Case ID: nh_80/html/0098-01.html
Source: Caselaw Access Project
Author: {"author": "Plummer, J.", "license": "Public Domain", "url": "https://static.case.law/"}
Date Created: 2024-08-24T03:29:51.129683

Rockingham,
    April 5, 1921.
    John Koren v. Newmarket Manufacturing Company.
    The prejudicial effect of a statement by counsel in argument may be removed by an instruction to the jury as to the sense in which the remark is to be understood by them.
    It is presumed in the absence of evidence that the jury followed the instructions of the court.
    Case, for negligence. The plaintiff was a ring-spinner, in the defendants’ employ, and was injured while cleaning shafting. Trial by jury and verdict for the plaintiff. The defendants had accepted the provisions of chapter 163 of the Laws of 1911.
    The defendants excepted to the denial of their motions for a non-suit and a directed verdict, and to the argument of counsel. The facts are stated in the opinion. Transferred from the May term, 1920, of the superior court by Young, J.
    
      Sleeper & Brown (Mr. Sleeper orally), for the plaintiff.
    
      Alvin J. Lucier and Scammon & Gardner, for the defendants.
   Plummer, J.

The plaintiff was directed by the defendants to clean the shafting, which drove a line of spinning frames, while the machinery was in operation. The shafting was directly over the frames and from twelve to fourteen feet from the floor. He was told to use sandpaper and a rag in doing his work. He used a stepladder to-reach the shafting over the alleyways and stood on the frames to' reach the shafting over them. He had never cleaned shafting before, and was injured a few hours after he began work.

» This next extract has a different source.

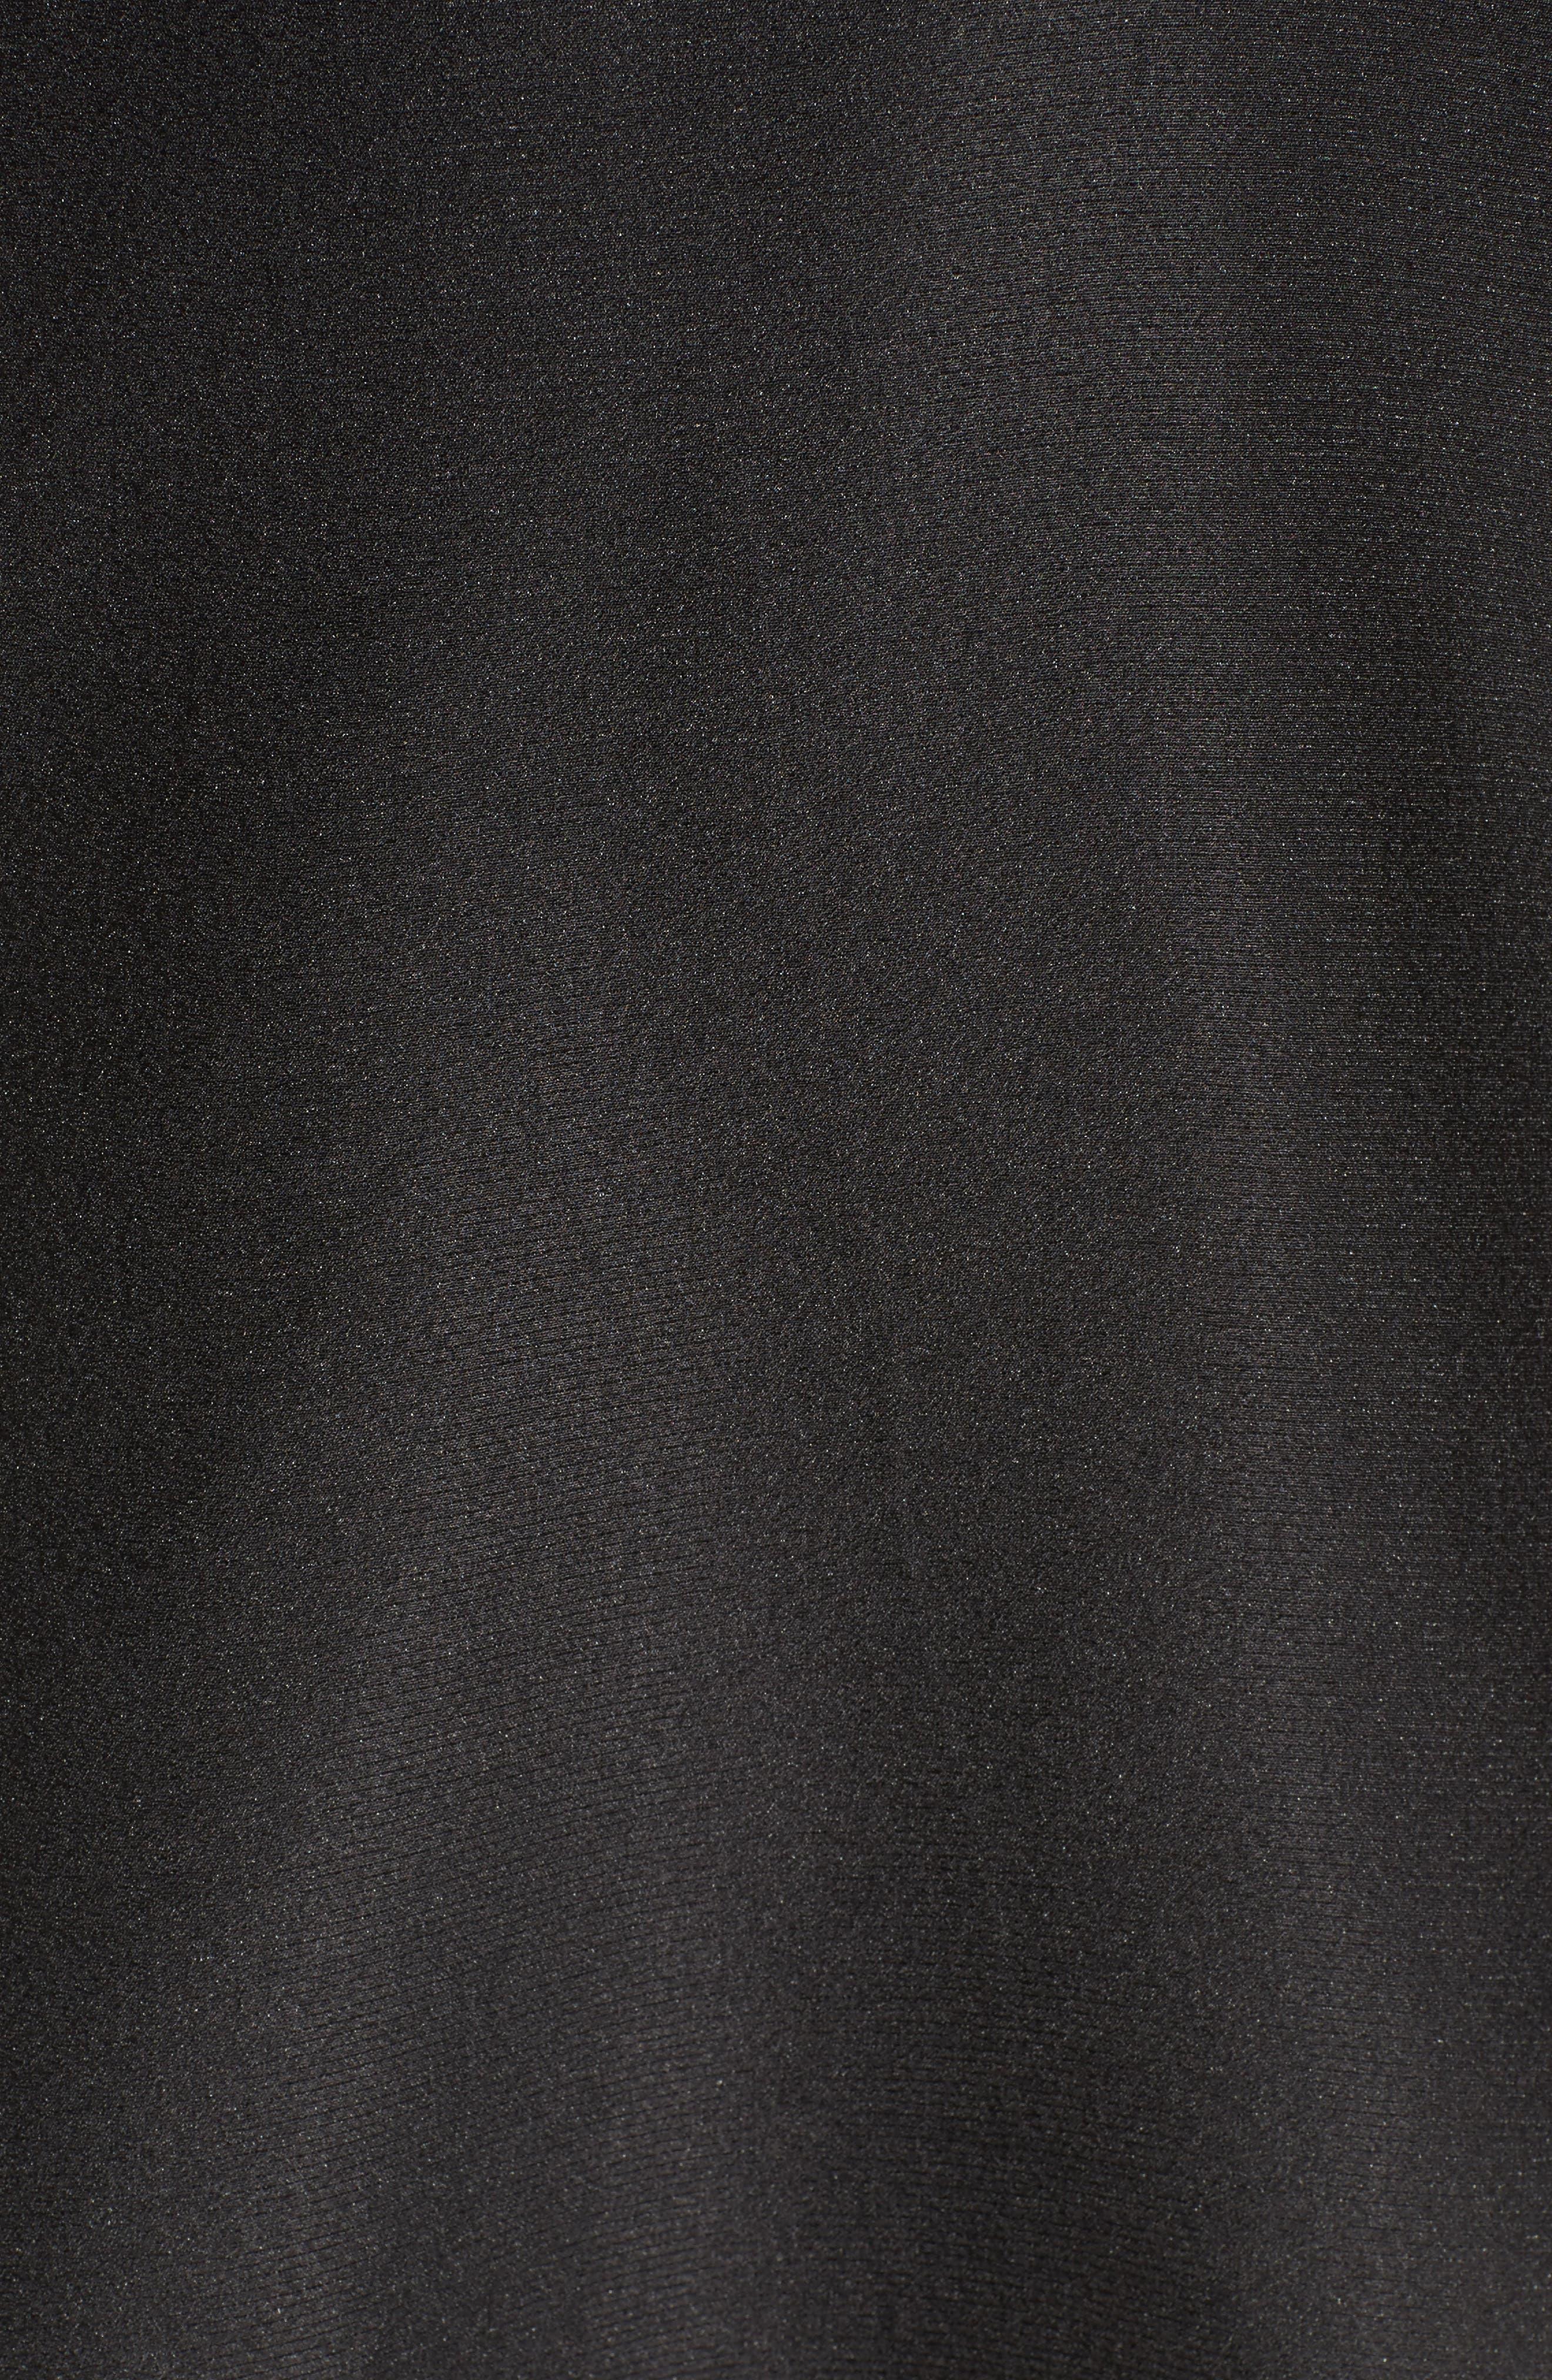 Call Me Strapless Dress,                             Alternate thumbnail 6, color,                             Black

The evidence tended to prove that he was doing the work in the' way he was expected to do it; that cleaning shafting while in motion in the way he was told to clean it is very dangerous; that this danger is one of which the defendants either knew or ought to have known, and of which he .neither knew nor was in fault for not knowing. The above statement of what the evidence tended to prove was made by the court, and no exception thereto was taken by the defendants. Therefore there can be no question that the motions for a nonsuit and directed verdict were properly denied, for the jury, upon evidence tending to. prove the facts above set forth, were clearly warranted in finding that the defendants were guilty of negligence, and that the plaintiff was free from fault.

In cross-examination, a witness for the plaintiff did not assent to an assertion made by counsel, whereupon counsel presented to him two papers, and asked him if the signatures upon them were his, and he replied that they were. Counsel for plaintiff argued from this that the papers contained the statement of the witness relative to the accident, and that he had testified truthfully. Upon an inquiry by the court whether counsel stated it as a fact that the papers 'contained a statement of the accident, or asked the jury to infer it from the circumstances, he said he simply asked them to infer it. The failure to offer the papers as evidence, after the verity of his signature had been admitted by the witness, authorized the inference that they contained nothing which would contradict him. This was the substance of the argument.

The defendants also excepted because the plaintiff’s counsel in argument referring to the above witness and to the defendants said “who signed something for them.” In view of what had taken place, if there was any error in making this statement, or if it was prejudicial, it was rendered harmless by the action of the court, who said: “You are asking the jury to infer from this evidence that he signed it; nothing more?” Counsel replied: “That is all.” And the court then instructed the jury to consider it in no other way. “It is presumed, in the absence of evidence, that the jury followed the instructions of the court.” Janvrin v. Powers, 79 N. H. 44, 47; Davis v. Railroad, 75 N. H. 467, 470; Turner v. Company, 75 N. H. 521, 522; Lawrence v. Towle, 59 N. H. 28, 31. In the statements of counsel to which exceptions were taken, the witness who had signed the paper presented to him by the defendants, was called their agent. The defendants object to this characterization of the witness, and say that there is no evidence that he was their agent. It appears that he was a third hand in the mill, and that he was the one who ordered the plaintiff to clean the shafting, and directed him how to do it. It must, therefore, be true that so far as this plaintiff is concerned, he was their representative and agent. There was another exception by the defendants to argument of plaintiff’s counsel. But an examination of the defendants' brief leads to the conclusion that they do not rely upon it, and therefore it is not considered.

Exceptions overruled.

Young, J., did not sit: the others concurred.